TASK OBJECTIVE ▸ Please repeat each line from the one holding "La Princesa Carlota" through the final line of the data, exactly as it stands, with no pictures.

DATASET EXTRACT ▸
◇ ◇ ◇ ◇
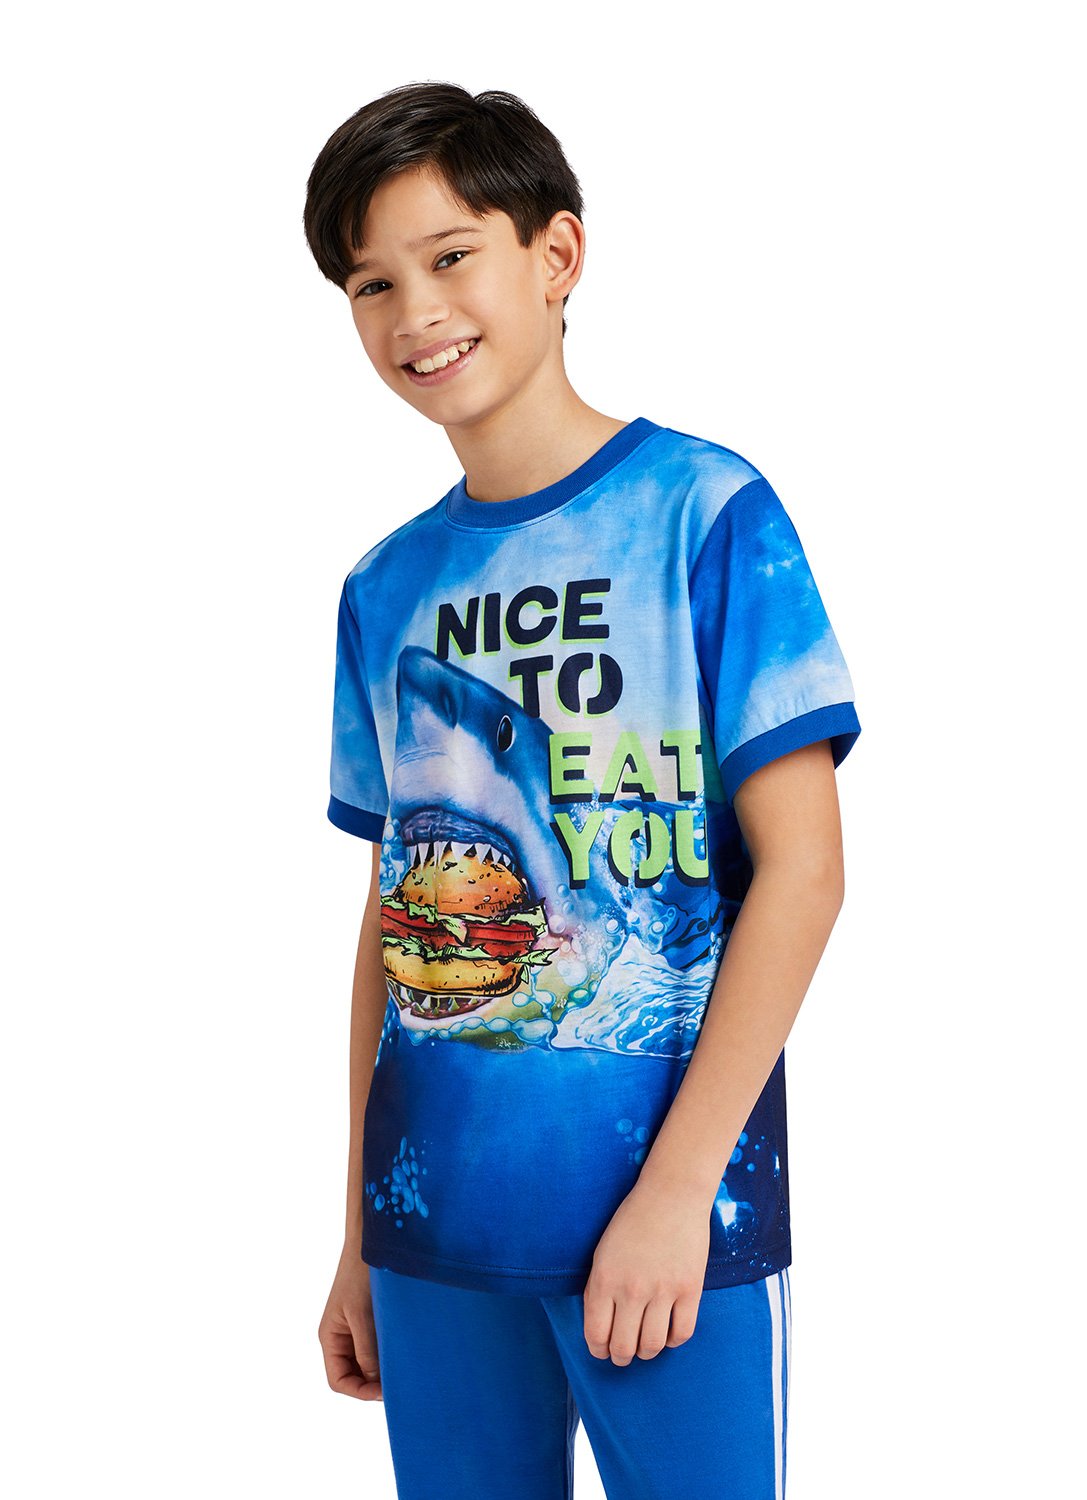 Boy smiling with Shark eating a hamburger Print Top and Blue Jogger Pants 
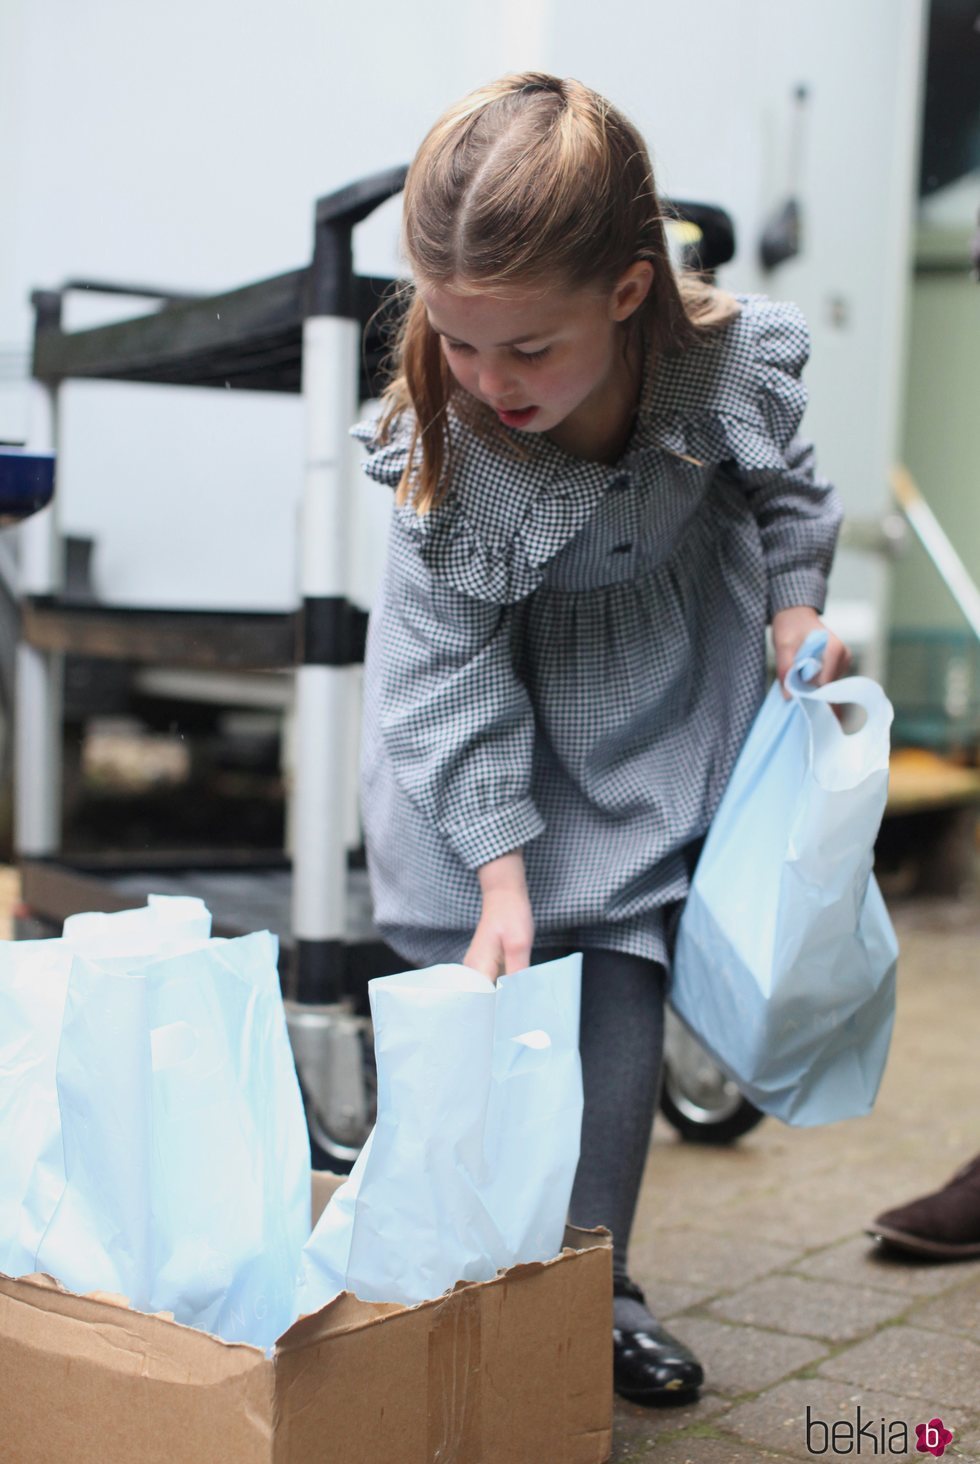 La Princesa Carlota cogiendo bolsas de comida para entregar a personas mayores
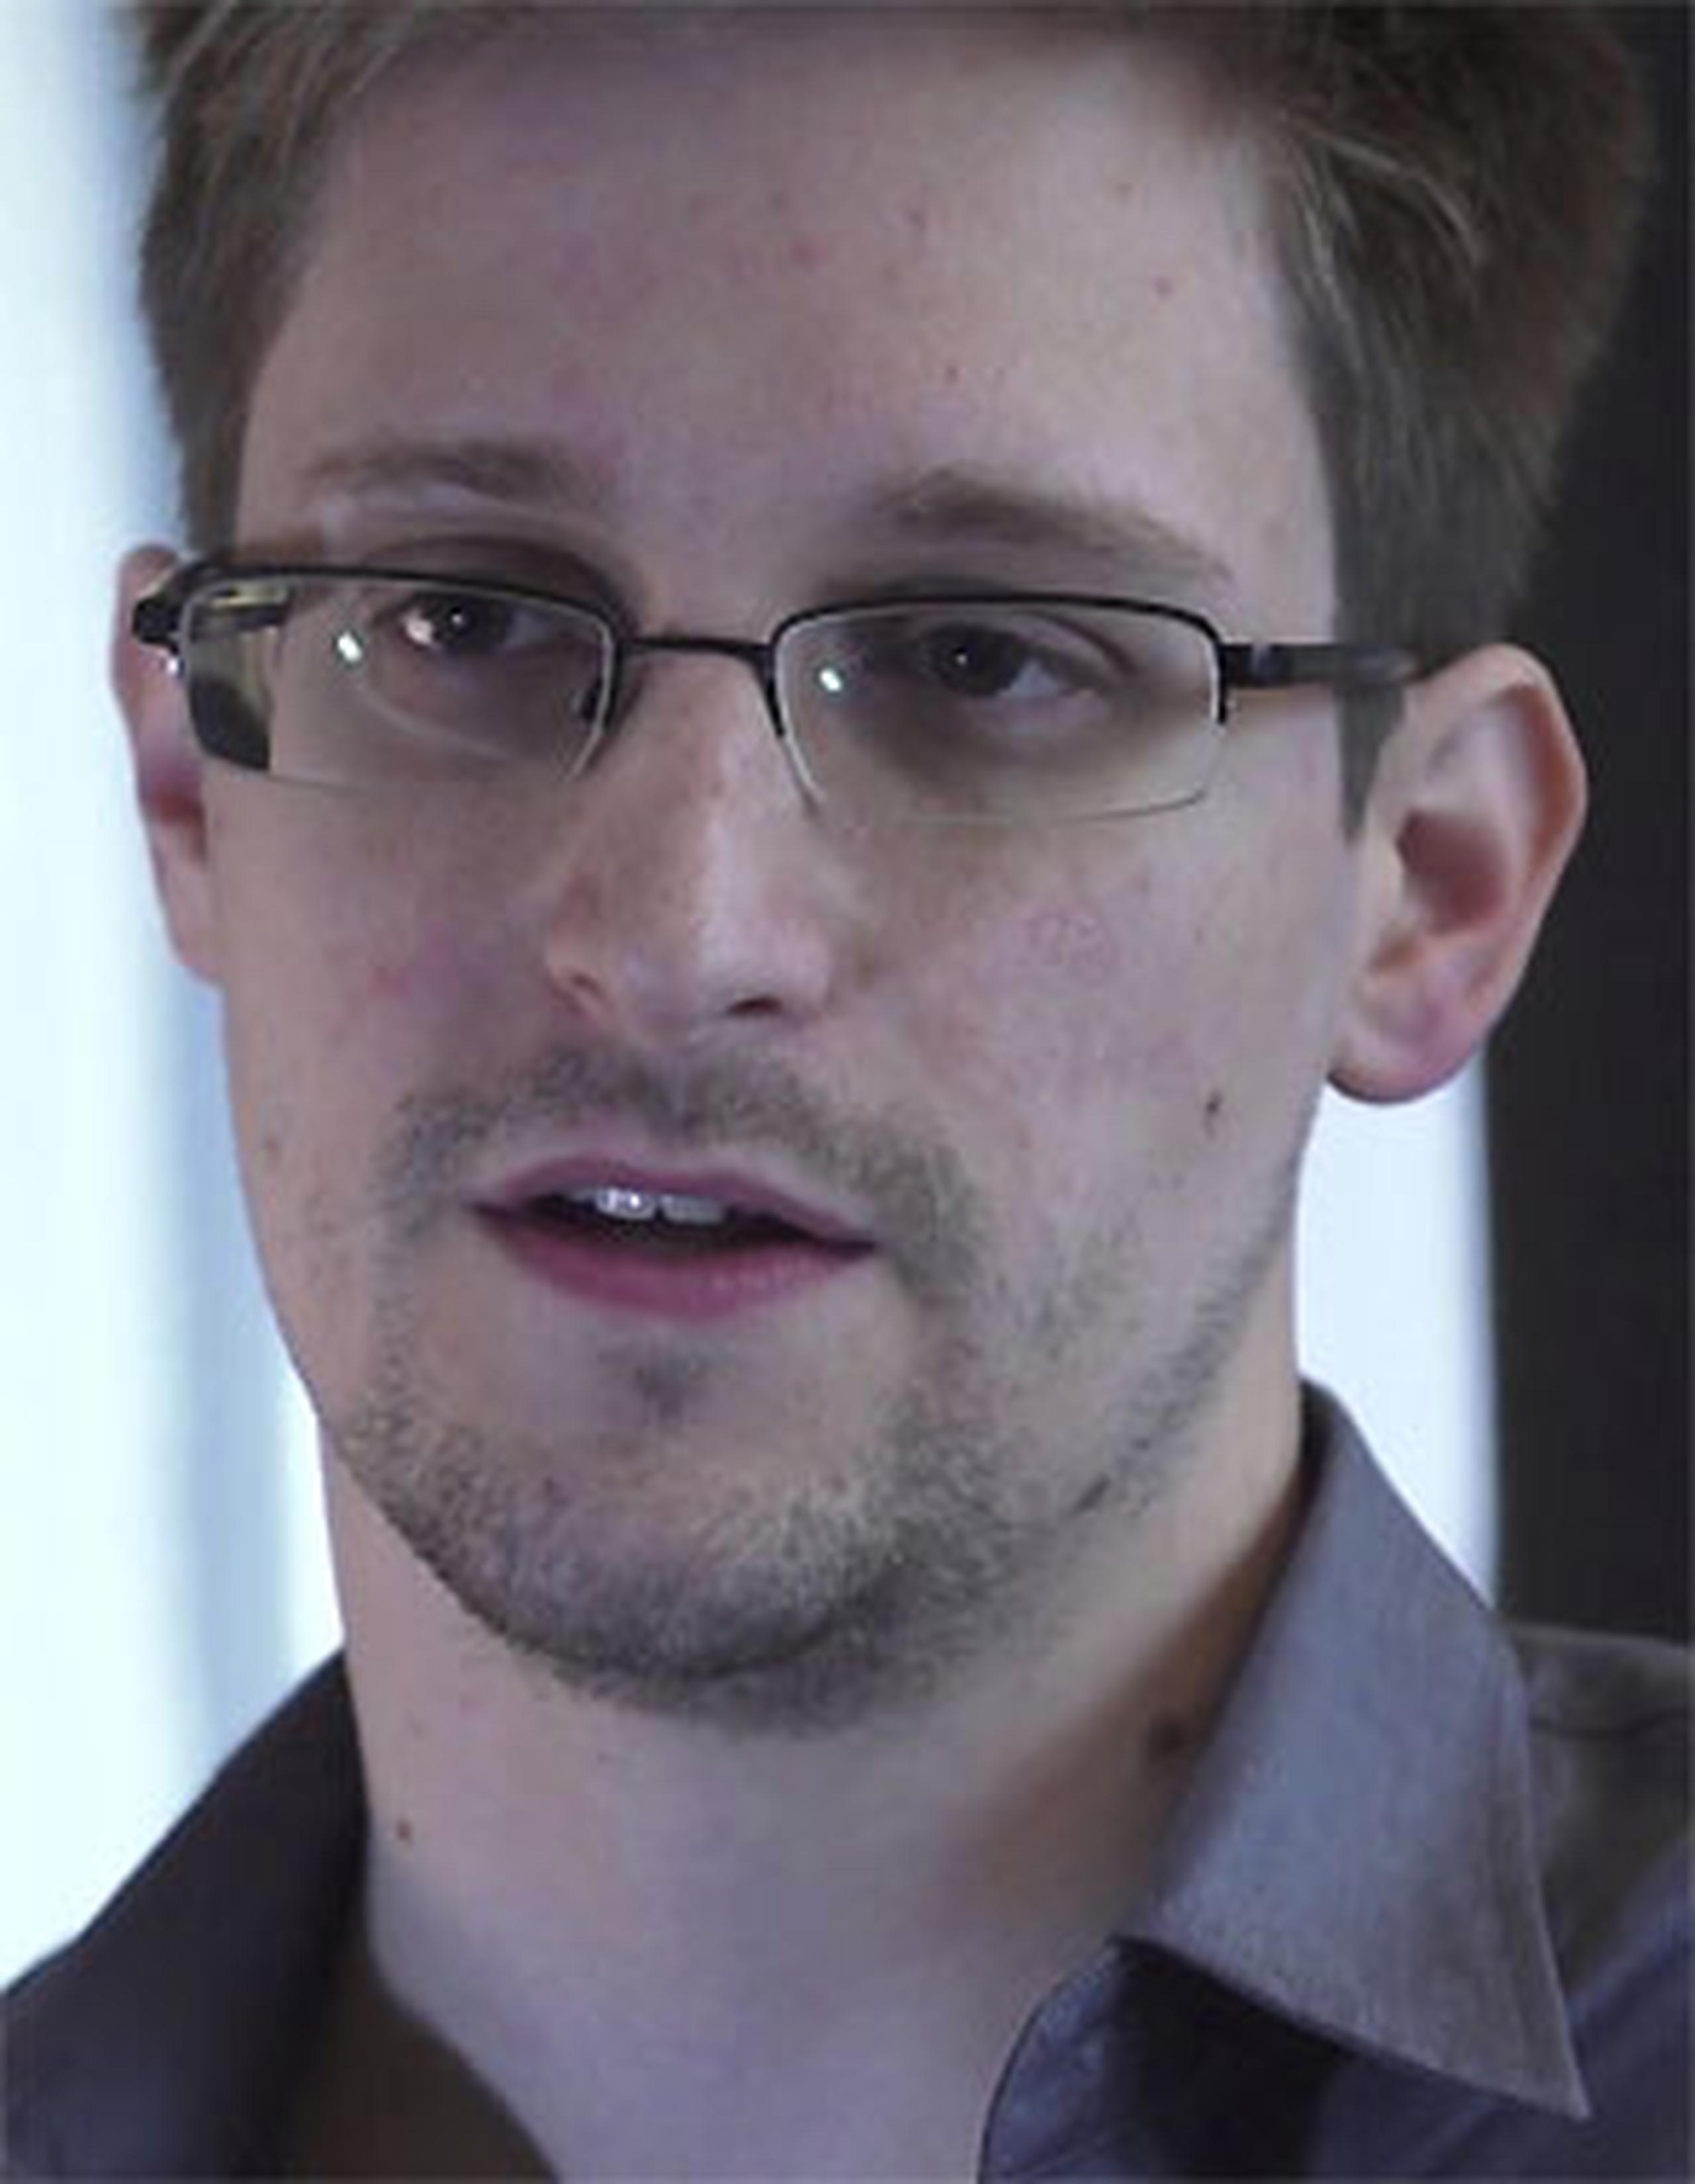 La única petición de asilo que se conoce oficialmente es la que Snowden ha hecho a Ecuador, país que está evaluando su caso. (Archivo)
◇ ◇ ◇ ◇
ANSWER BOX ▸
 La Princesa Carlota cogiendo bolsas de comida para entregar a personas mayores
 La única petición de asilo que se conoce oficialmente es la que Snowden ha hecho a Ecuador, país que está evaluando su caso. (Archivo)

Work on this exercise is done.